You asked how and what you should do. How would I know, I do not know you at all? General rules to follow: just be yourself, always try to do the right thing, and remember that everyone working really wants to feel safe and secure and to provide for their needs and wants. And never forget that everyone thinks they are under paid and is a lot more valuable than they actually are. The only thing left to do is to figure out how to juggle those opposites and then learn that the plan that worked for "Joe", does not work with "Bill", even though everything looks identical.

Good luck.


----------



## bellisaurius (Jan 18, 2012)

Xedus129 said:


> Hey guys, new here.
> 
> I'm just graduating with a Bachelors in Computer Engineering and as I'm learning more about personalities and such it makes me wonder how I fit as an Engineer. 99.9% of the other engineers are extremely introverted and have a hard time with social situations. While I'm no social guru I can talk with anyone from almost any background, or argue with them  . In my new job I'll be programming but I'll be dealing with people a lot and meeting with lots of different clients, etc.. and the place told me they picked me because my personality made up for my lack of experience (wasn't an entry level job). I'm not going to switch careers because I'm a very good coder and I love working on the computer as well as solving difficult logic problems. But what personality are most of my peers going to be, and how do I interact with different types without being too overbearing or bossy?

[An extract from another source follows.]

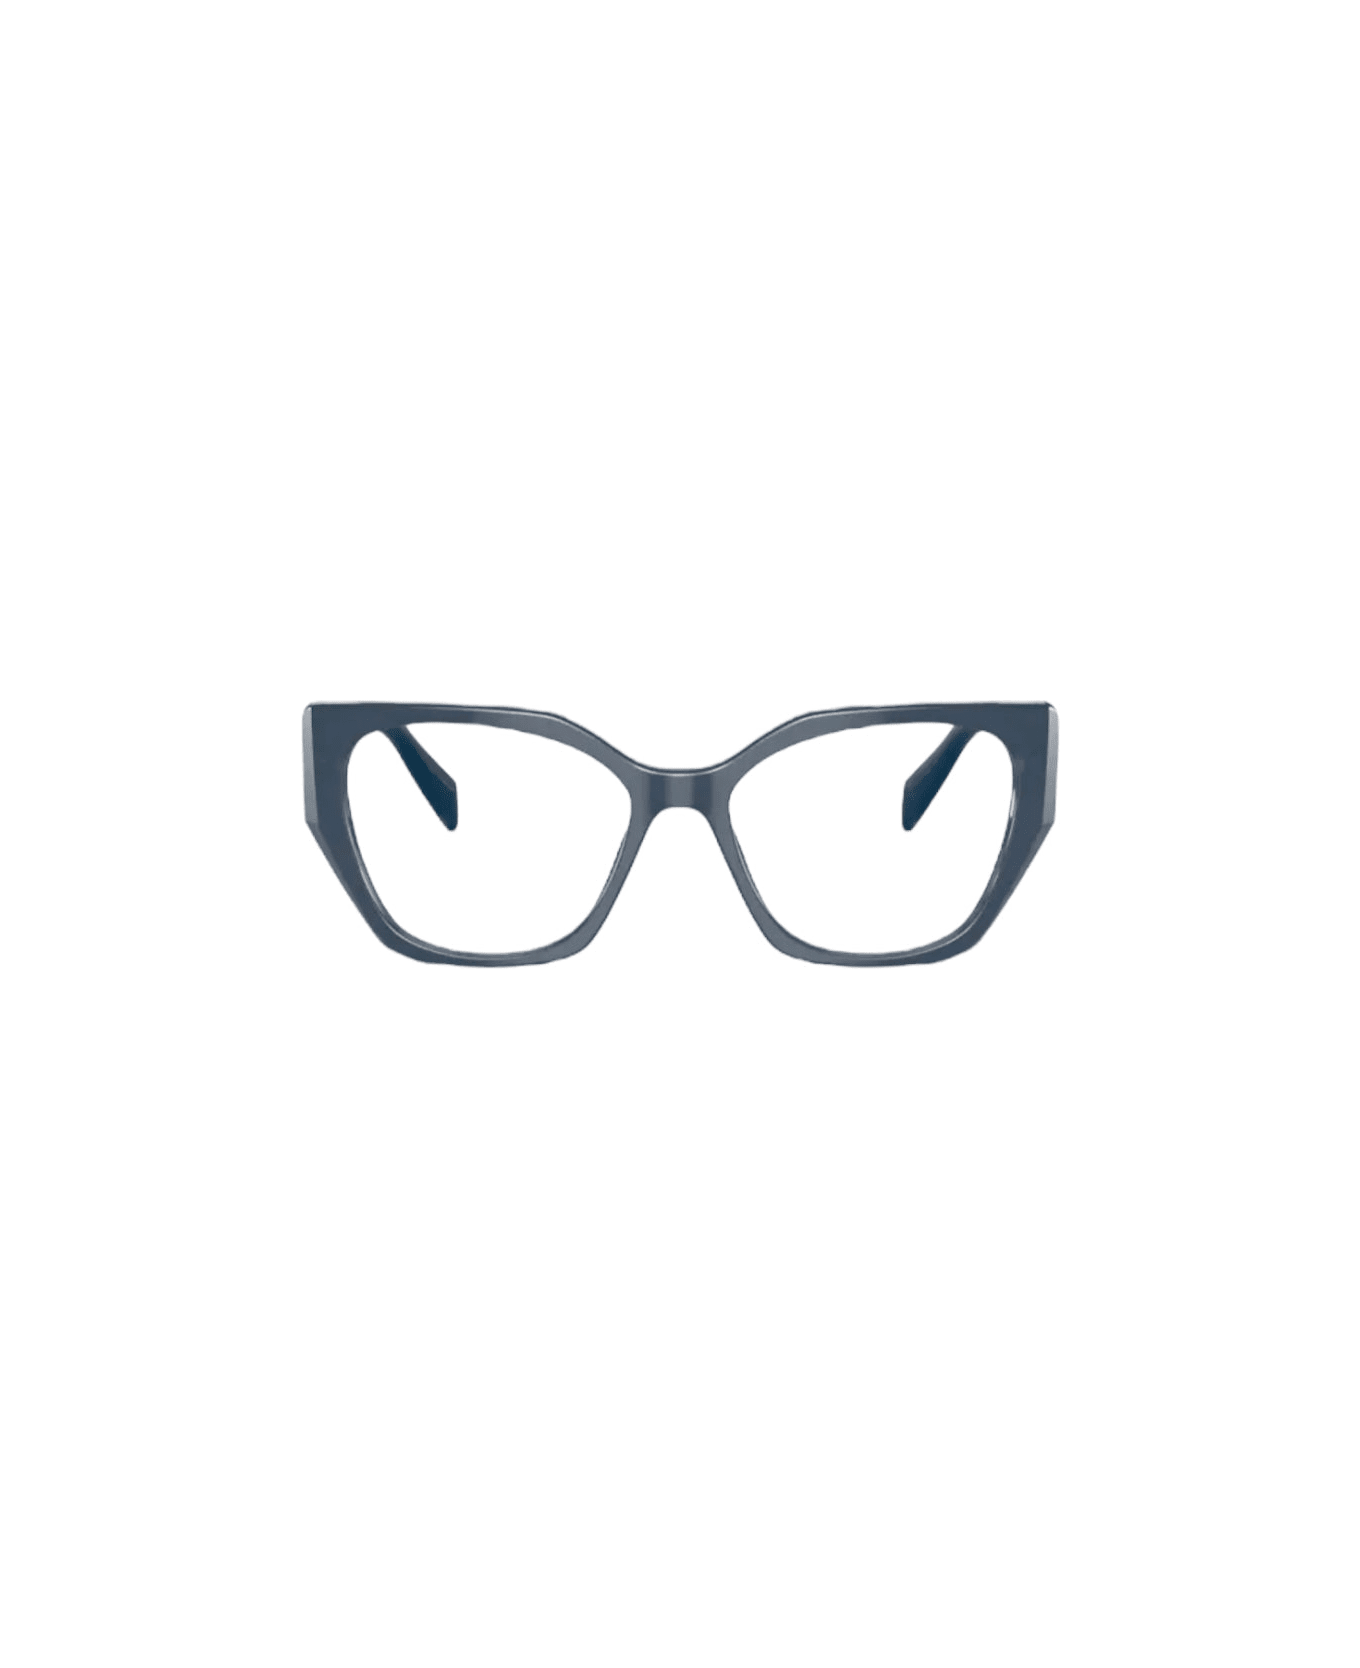 Prada Eyewear Opr 18wv Glasses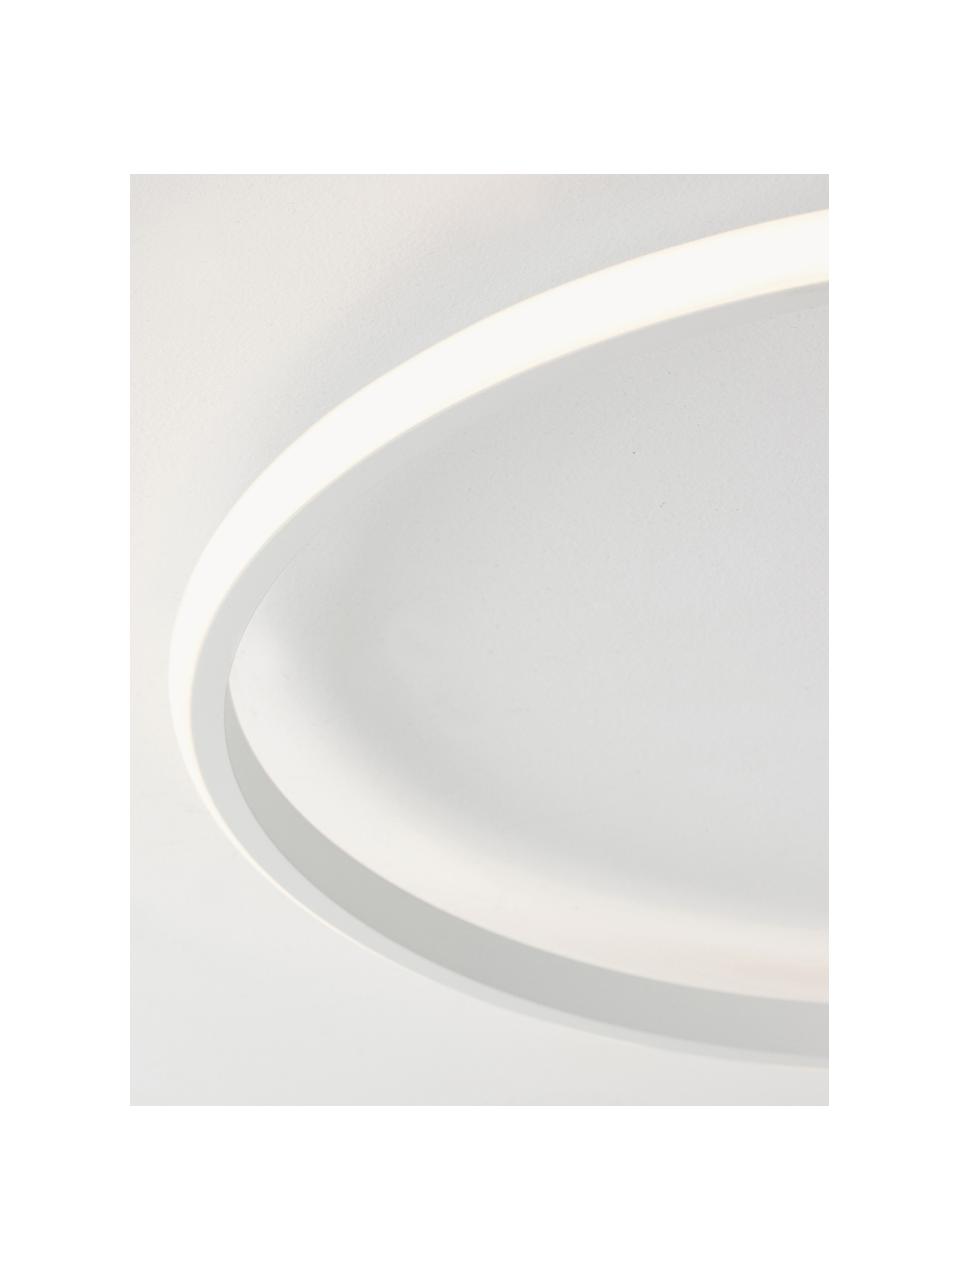 Dimmbare LED-Deckenleuchte Fuline, Lampenschirm: Metall, Baldachin: Metall, Diffusorscheibe: Acryl, Weiss, Ø 50 x H 5 cm

Being an introvert doesn't mean you don't deal with people well, it just means that social interaction's a bit more draining for them. You'll find that once they accept you into the circle, they'll be plenty social (albeit awkwardly). Read the place first and go with the flow is the best advice I can give.


----------



## alvinfromwaterloo (Feb 28, 2012)

You need to meet more engineers and programmers if you think 99.9% of them are super introverted and/or socially awkward.

- ENTJ Software Engineer


----------